An Elephant Never Forgets, Unless it’s Proven Science

Over the last ten years, US party politics have prevented climate change from being treated as the national security threat that it is and turned the discourse surrounding it into a political gridlock. Despite the monumental danger posed by climate change, the Republican Party has thrown its head in the sand and neglected the issue because of its religious opposition to the Democratic Party’s platform. Understanding how this happened and its effect on climate change action is key to preventing future policy failures.

By 2016, despite the long-standing scientific consensus, only 48 percent of adults in the United States believed climate change was caused by human activity, with it being no surprise which party skeptics tended to vote for1. Like healthcare, abortion and immigration, climate change had become a partisan issue in the US, largely opposed by the Republican Party2. But it wasn’t always this way.

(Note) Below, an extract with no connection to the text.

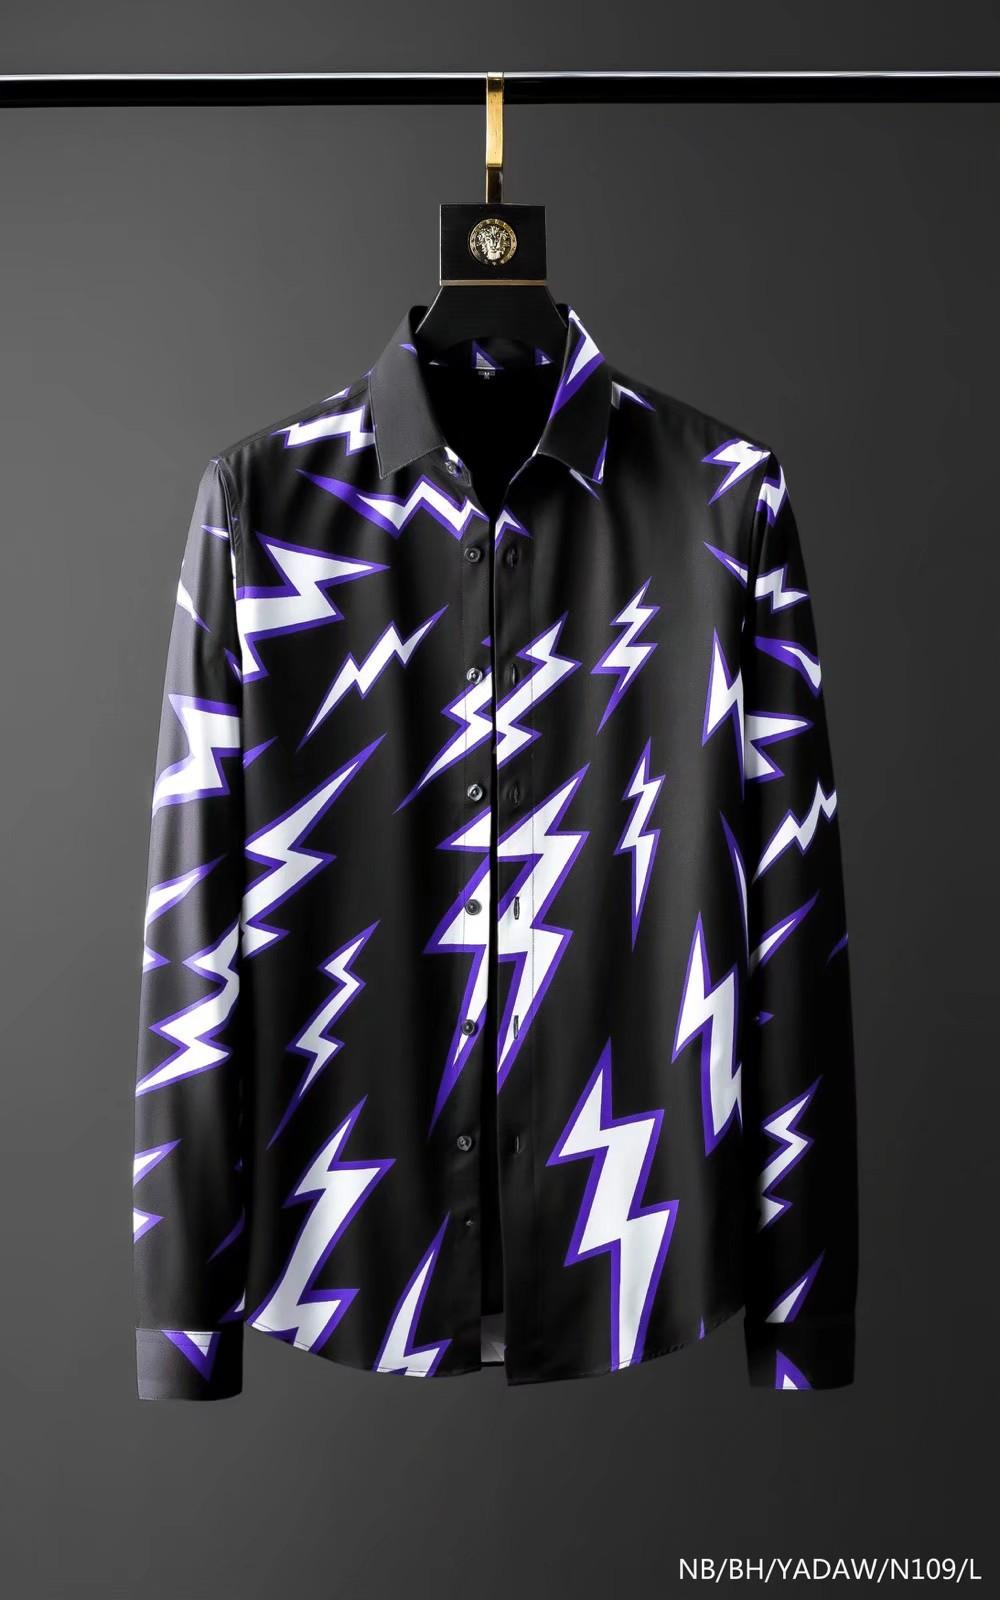 Camicia di design della camicia di marca Mens Camicia francese Parigi Abiti da marca 105 Uomo maschile Camicia a maniche lunghe stile hip hop stile di alta qualità cotone 2019 Nuovo arrivo

In the late 2000s, when alarm over climate change was growing and media coverage of the issue increasing, many Republicans seemed to share the concern. John McCain3, Rudy Giuliani4 and George W. Bush5 all either supported action on climate change or at least admitted its human cause. In 2010, the Department of Defence classified climate change as a national security threat, saying it was already “[observable] in every region of the world, including the United States” and could be an “accelerant of instability or conflict”6. Threats to national security, such as war and foreign policy, are usually granted some level of bipartisanship, so activists, scientists and legislators from all sides of politics hoped climate change would be no different7.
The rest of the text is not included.